0.6 g of urea on strong heating with NaOH evolves NH3. Liberated NH3 will combine completely with which of the following HCl solution ?

To solve the problem step by step, we will follow the sequence of reactions and calculations as outlined in the video transcript. ### Step 1: Write the balanced chemical equation When urea (NH2CO) is heated with sodium hydroxide (NaOH), it decomposes to form ammonia (NH3) and sodium carbonate (Na2CO3). The balanced chemical equation is: \[ \text{2 NaOH} + \text{NH}_2\text{CO} \xrightarrow{\Delta} \text{Na}_2\text{CO}_3 + \text{2 NH}_3 \] ### Step 2: Calculate moles of urea Given that we have 0.6 g of urea, we need to convert this mass into moles. The molar mass of urea (NH2CO) is approximately 60 g/mol. \[ \text{Moles of urea} = \frac{\text{mass}}{\text{molar mass}} = \frac{0.6 \, \text{g}}{60 \, \text{g/mol}} = 0.01 \, \text{moles} \] ### Step 3: Calculate moles of ammonia produced From the balanced equation, we see that 1 mole of urea produces 2 moles of ammonia. Therefore, if we have 0.01 moles of urea, the moles of ammonia produced will be: \[ \text{Moles of NH}_3 = 2 \times \text{moles of urea} = 2 \times 0.01 = 0.02 \, \text{moles} \] ### Step 4: Determine the amount of HCl needed for neutralization Ammonia (NH3) is a base and will react with hydrochloric acid (HCl) in a 1:1 mole ratio.

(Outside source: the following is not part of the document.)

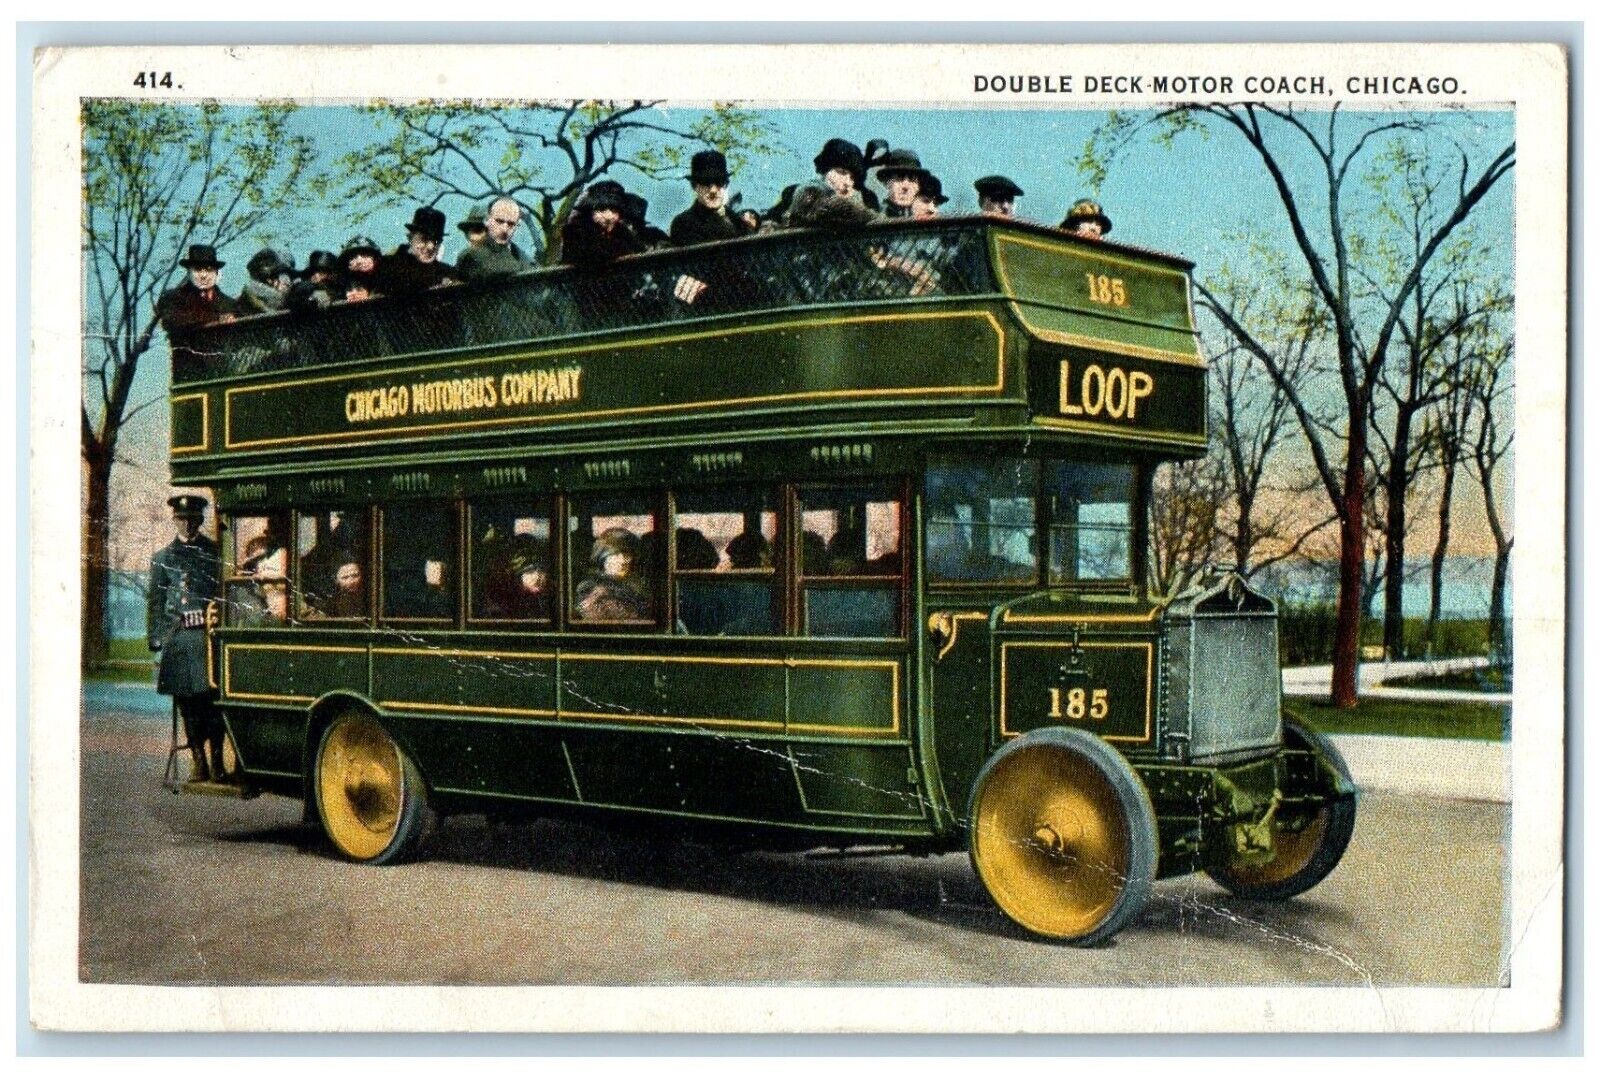 1924 Double Deck Motor Coach Chicago Illinois IL, Chicago Motorbus Co. Postcard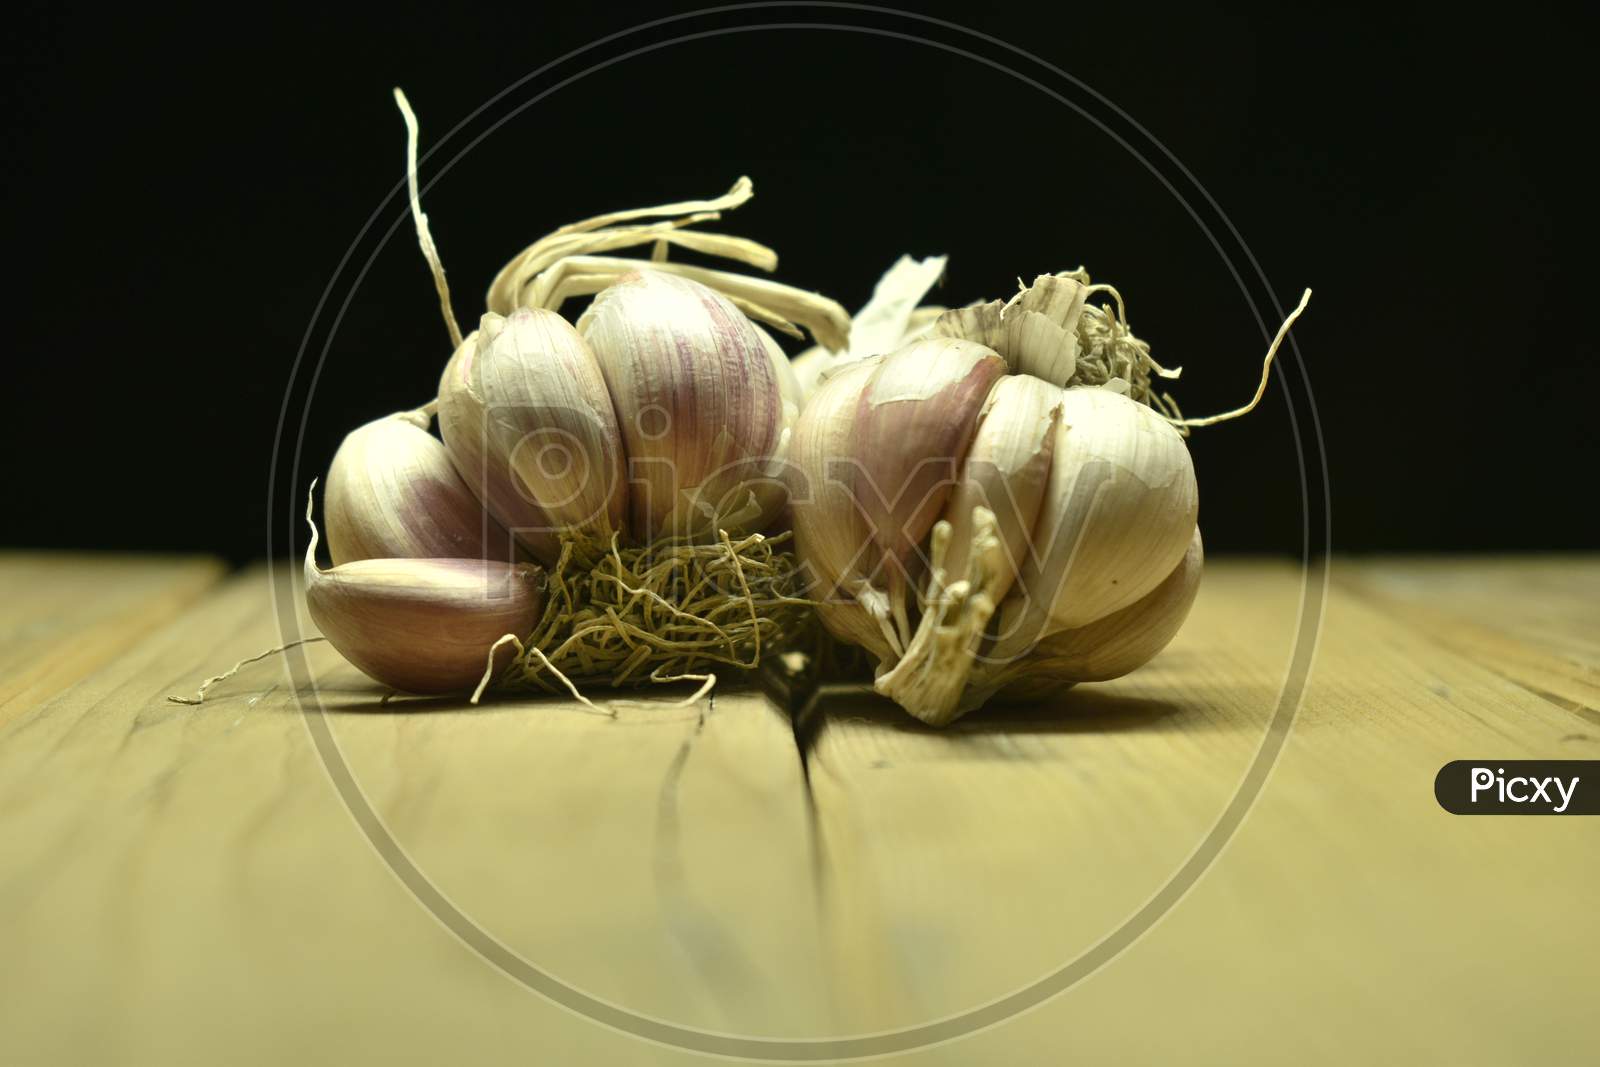 Garlic For Sale In A Market.

Therefore, to completely neutralize 0.02 moles of NH3, we need 0.02 moles of HCl. ### Step 5: Analyze the options for HCl solution We need to find which of the given HCl solutions contains exactly 0.02 moles of HCl. The formula to calculate moles from normality and volume is: \[ \text{Number of moles} = \text{Normality} \times \text{Volume (L)} \] ### Step 6: Calculate moles for each option Assuming we have the following options (as an example): 1. 0.2 N HCl, 100 mL 2. 0.4 N HCl, 100 mL 3. 0.1 N HCl, 200 mL 4. 0.1 N HCl, 100 mL **Option 1:** \[ \text{Moles} = 0.2 \, \text{N} \times \frac{100 \, \text{mL}}{1000} = 0.2 \times 0.1 = 0.02 \, \text{moles} \] **Option 2:** \[ \text{Moles} = 0.4 \, \text{N} \times \frac{100 \, \text{mL}}{1000} = 0.4 \times 0.1 = 0.04 \, \text{moles} \] **Option 3:** \[ \text{Moles} = 0.1 \, \text{N} \times \frac{200 \, \text{mL}}{1000} = 0.1 \times 0.2 = 0.02 \, \text{moles} \] **Option 4:** \[ \text{Moles} = 0.1 \, \text{N} \times \frac{100 \, \text{mL}}{1000} = 0.1 \times 0.1 = 0.01 \, \text{moles} \] ### Step 7: Conclusion From the calculations, options 1 and 3 provide the required 0.02 moles of HCl to completely neutralize the ammonia produced.